# What SW fish would fit this description (small tank)?



## BettaFriend (Oct 14, 2010)

Hi. Someone on another forum said that there are SW fish suitable for a 5 gallon tank. What are they!? Not that I would even consider wasteing hundreds of dollars on a 5g SW, I just don't know any that would fit in a 5 gallon tank. It would be like the betta of saltwater (relatively. I know betta are freshwater, I have one)!

Anyone know?


----------



## TheOldSalt (Jan 28, 2005)

It would have to be one of the "nanogobies." There are quite a few very tiny little gobies available which can be kept in a 5.


----------



## Revolution1221 (Apr 20, 2010)

yes there are tons of of goby fish that could in theory survive in a 5 gallon if you were able to maintane a tank like that. its possible but def very difficult.


----------



## funlad3 (Oct 9, 2010)

Just because I can, I'll say that the SW version of the Betta needs at least a 55 gallon. I would know, my Betta came with my 75 gallon! Look at my "I won!!!" thread for more info.

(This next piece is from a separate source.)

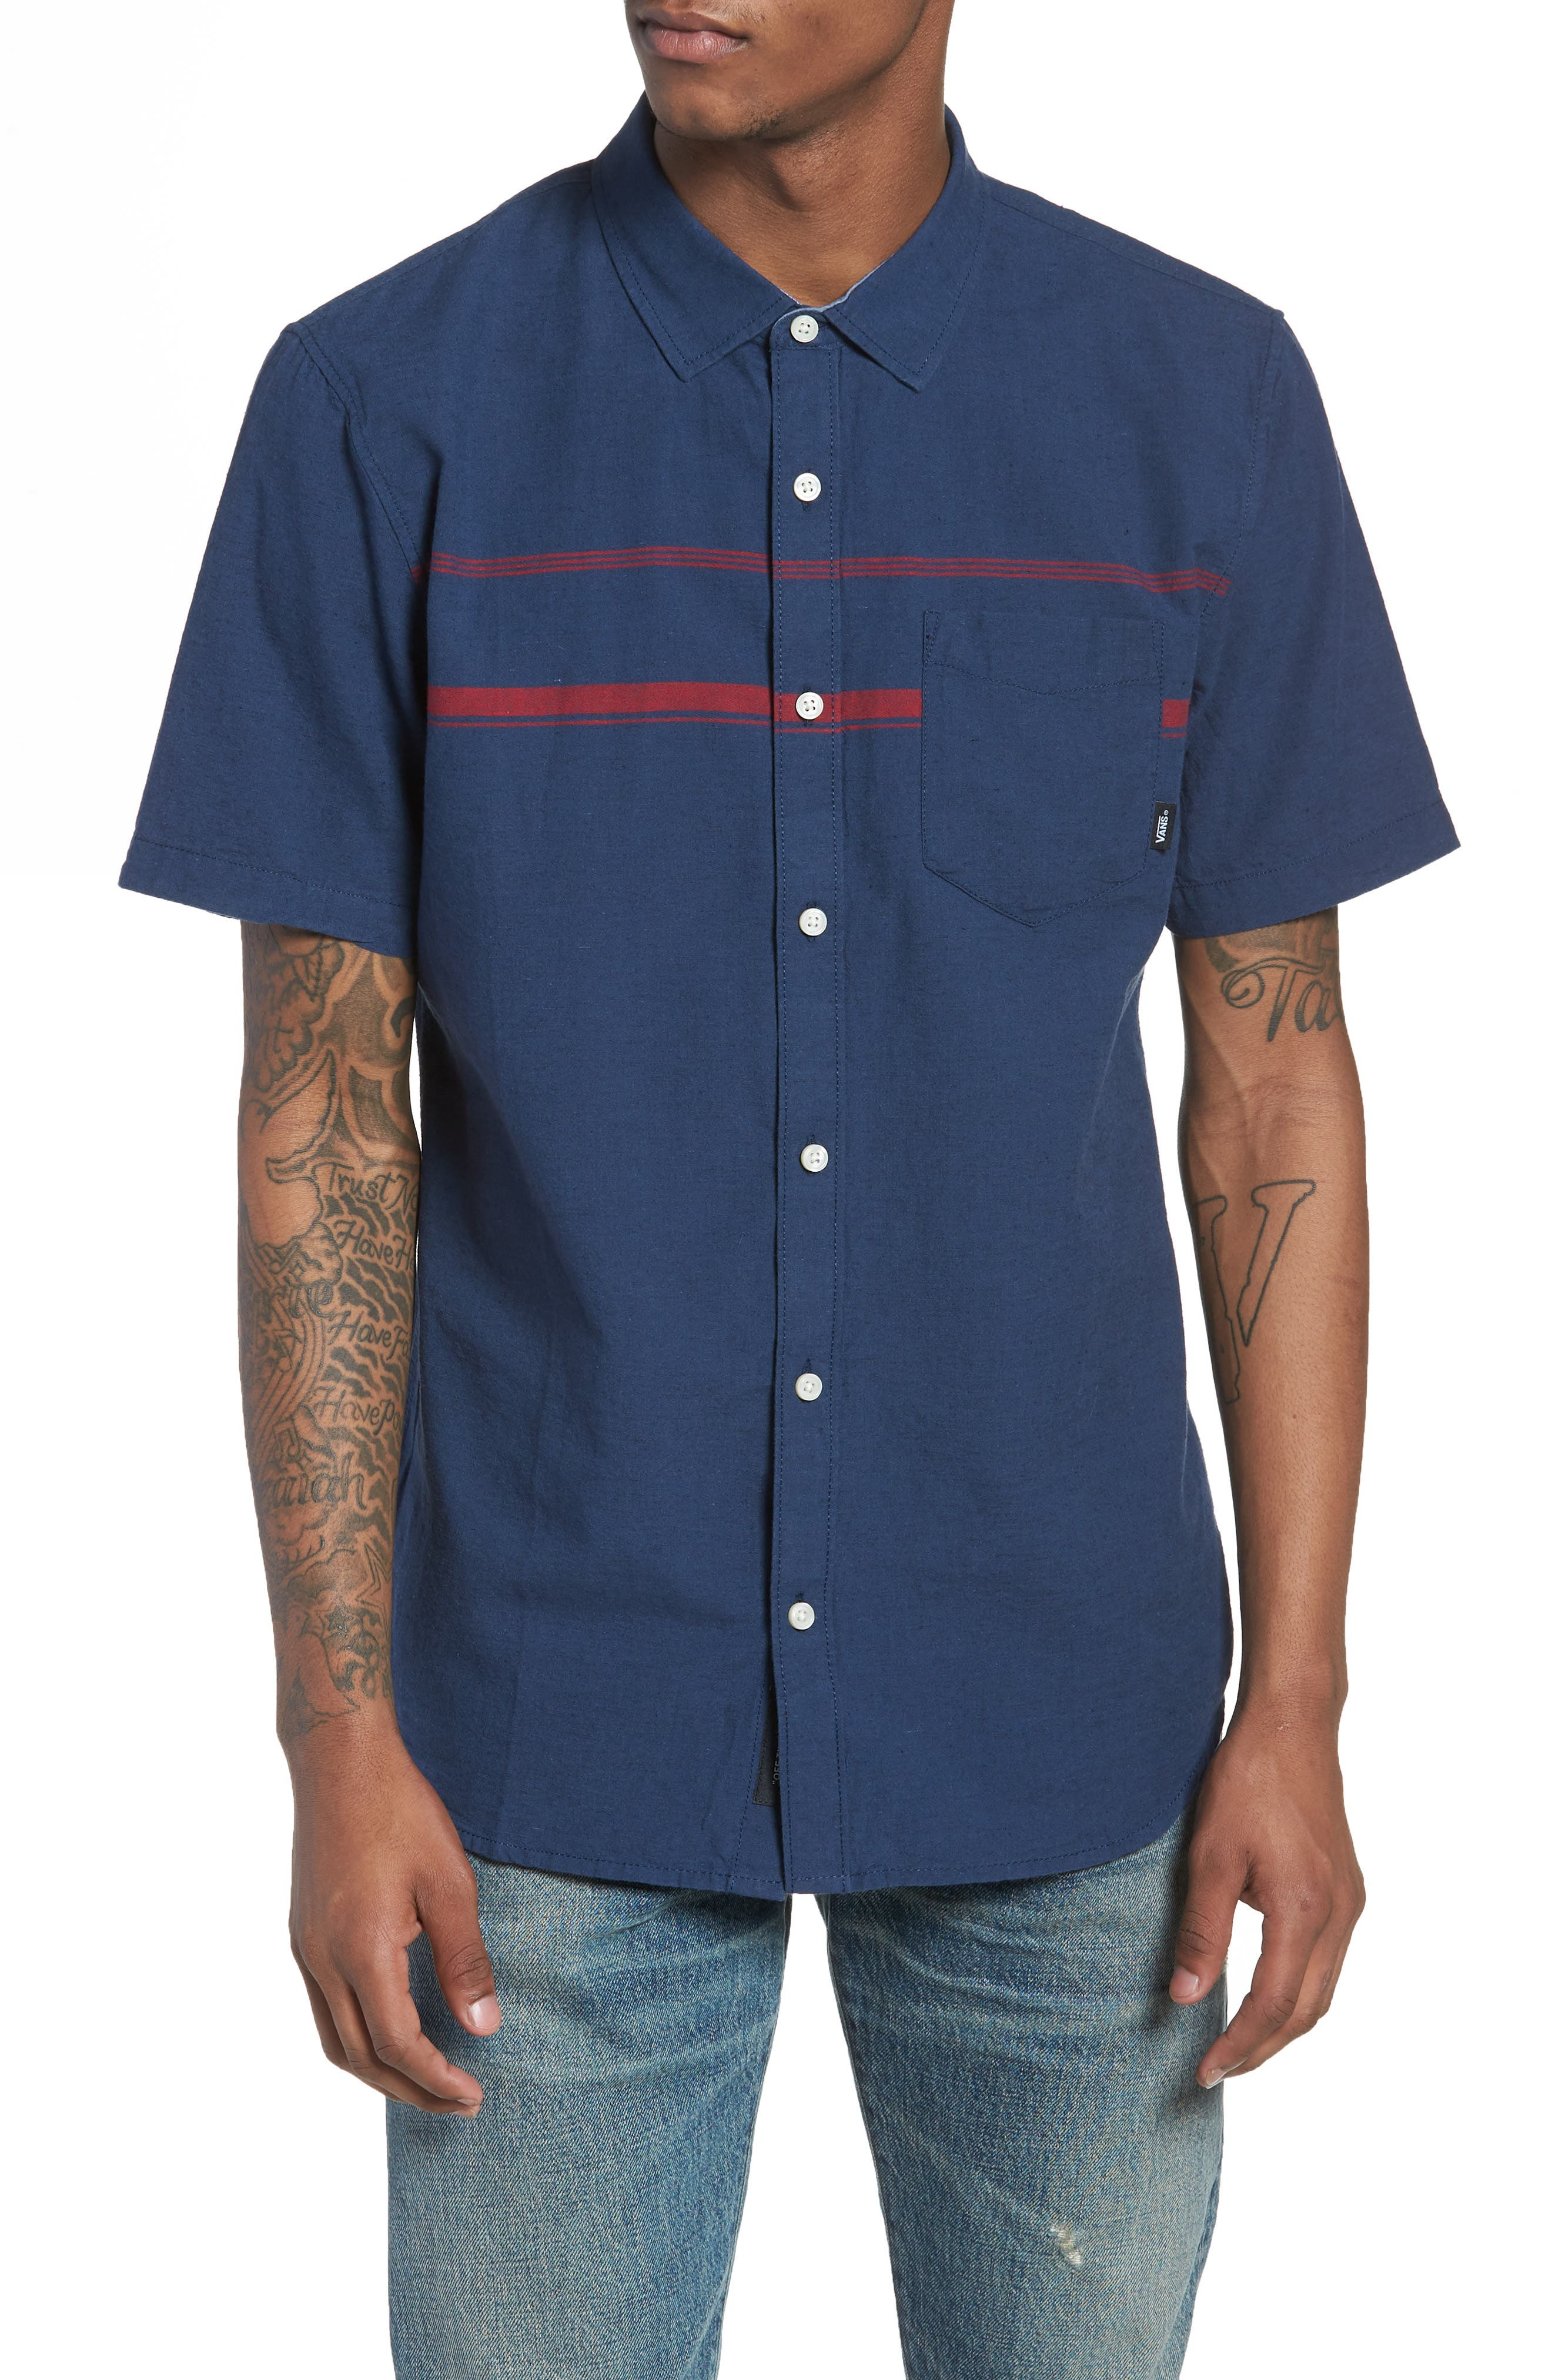 Thurber Short Sleeve Shirt,                         Main,                         color, 401
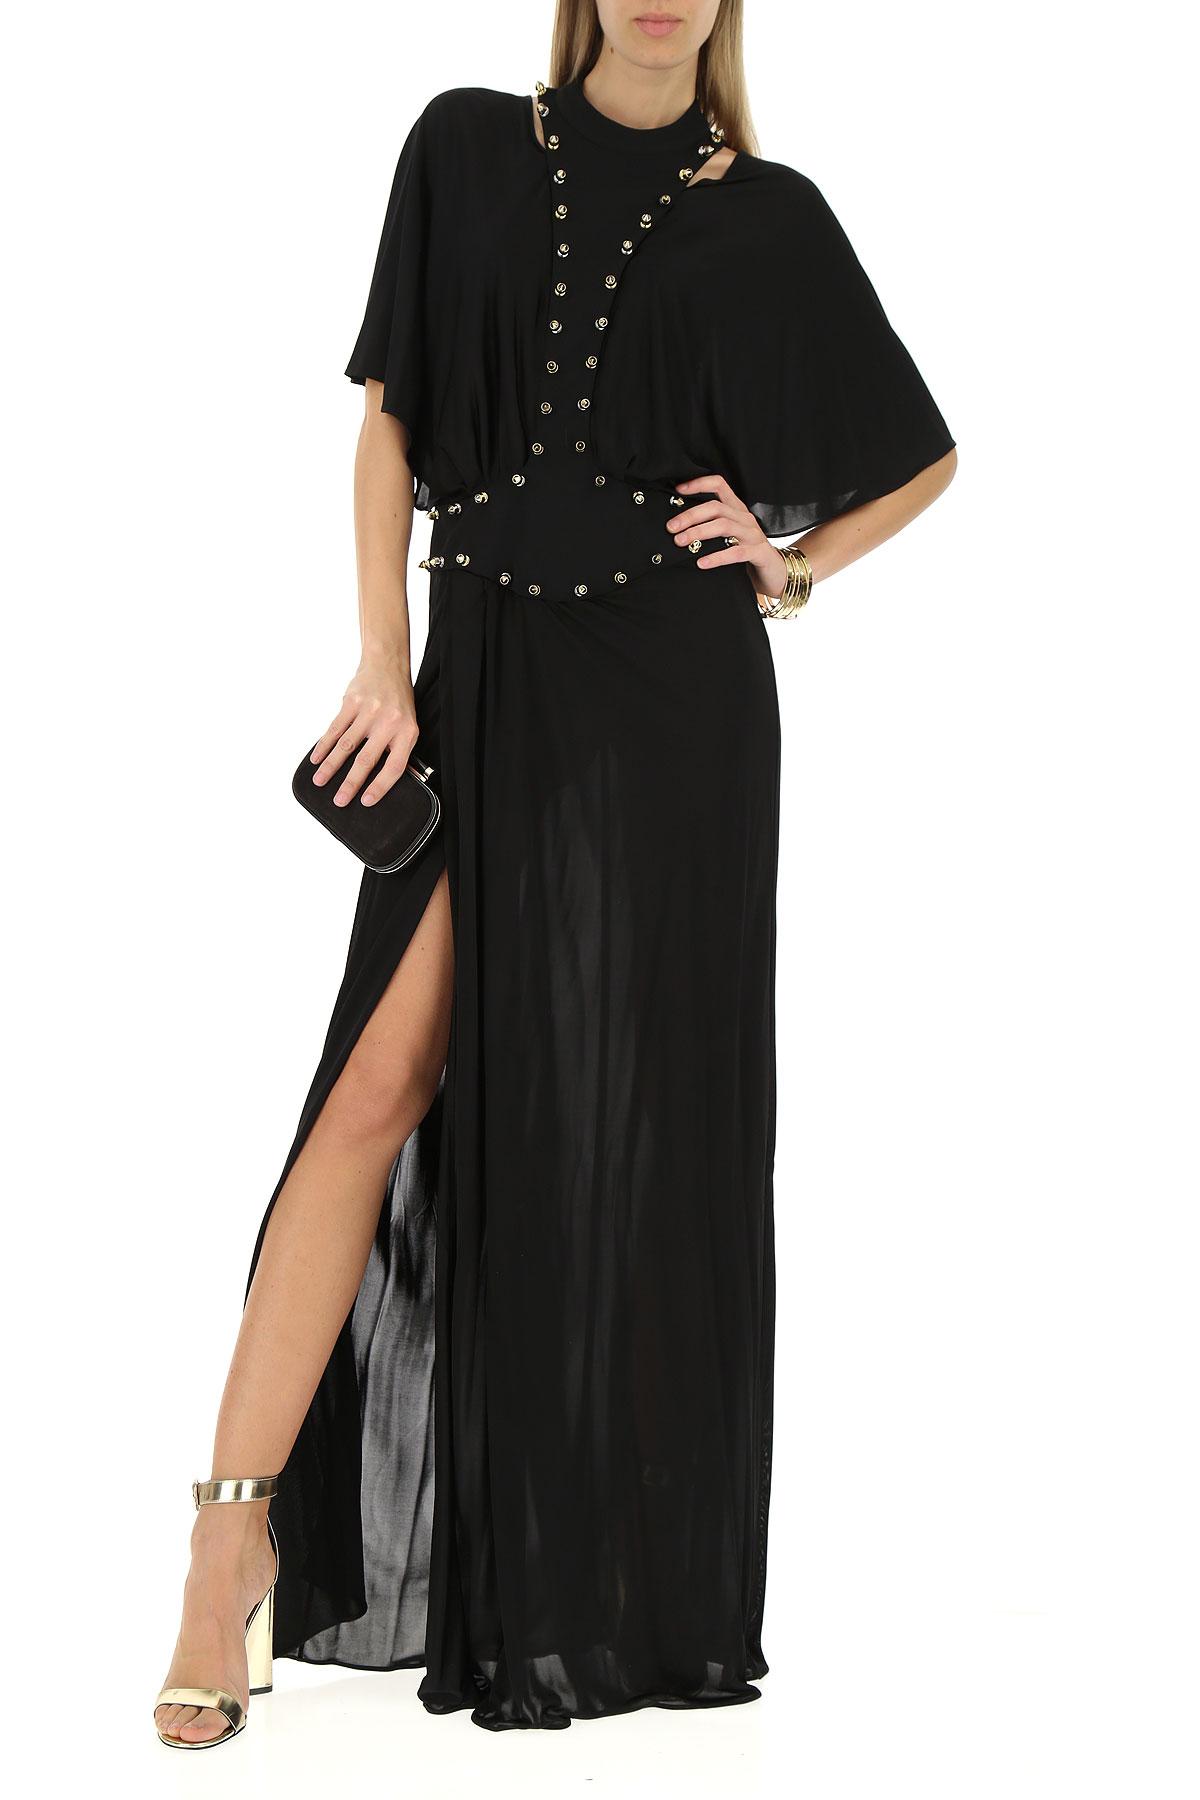 Ropa Primavera Mujer 2019 Para Versace Negro verano nbsp; z7qTqFwx

Would a blenny, like a sand sifter, work?


----------



## TheOldSalt (Jan 28, 2005)

No. Those get pretty big, and they make a mess.


----------



## funlad3 (Oct 9, 2010)

Do they? I've been at school all day, and this is the first thing I've learned. Yay for inadequate educational systems!


----------



## BettaFriend (Oct 14, 2010)

Sorry it has been so long. I DON'T plan on setting up a 5 gallon tank (sw, I mean, I already have a fw 5g)!

*What goby specifically?* I am looking at setting something up from 30-75g, and I was wondering what would be light on the bio-load. I found a deal on craigslist for a 75g tank with 108lbs of Fujii LR (or something like that), and some other supplies. So I might go with a 75g if my parents are willing to let me get it (I haven't even ask, so don't hold your breathe!).

Great find Funlad! I found your "I won" thread before I viewed this thread a second time.


----------



## funlad3 (Oct 9, 2010)

Thanks! I'll update it in a minute or two, but so far eveything is suspiciously easy...


----------



## BettaFriend (Oct 14, 2010)

I think I heard someone say that neon gobys can be kept by themselves. Is that true? I knew they didn't get any bigger than an inch, but I thought they had to be in a small group.

Anyone know a micro goby by name?


----------



## TheOldSalt (Jan 28, 2005)

Neons live in pairs or groups, and most nanogobies don't have common names yet. They are fairly well known as Nanogobies or at least as nanofish, so a search under that should help you find some.


----------



## BettaFriend (Oct 14, 2010)

I saw a picture of the cutest (small) goby! It was called the Black Clown Goby, and LiveAquaria.com says they only get 1 1/2". They said it is nice to other fish, and that it isn't mean towards its own kind if the tank is large enough (don't know how large). Anyone have any expirience with this fish (or heard anything, or know anything?)?

I also saw the COOLEST goby on earth!! It was called a '(yellow) watchman goby'! Will these work with clownfish, other (non-yellow) gobys, royal gramma, longnose hawkfish? I'll start a new thread if nobody here knows/responds within, say, 15 hours.

Anyone have any suggestions for (awesome!) gobys that will work for a beginner with SW fish (I've had plenty EXP with FW)?


----------



## funlad3 (Oct 9, 2010)

I'll eventually be getting that LNHF!!! YAY!!!


----------



## BettaFriend (Oct 14, 2010)

''LNHF''? What is that?


----------



## TheOldSalt (Jan 28, 2005)

I dunno.

Watchmen gobies stay out of everyone's way and get along with most everything.


----------



## BettaFriend (Oct 14, 2010)

Awesome about the goby!

LNHK stands for Longnose Hawkfish. I just figured that out today.


----------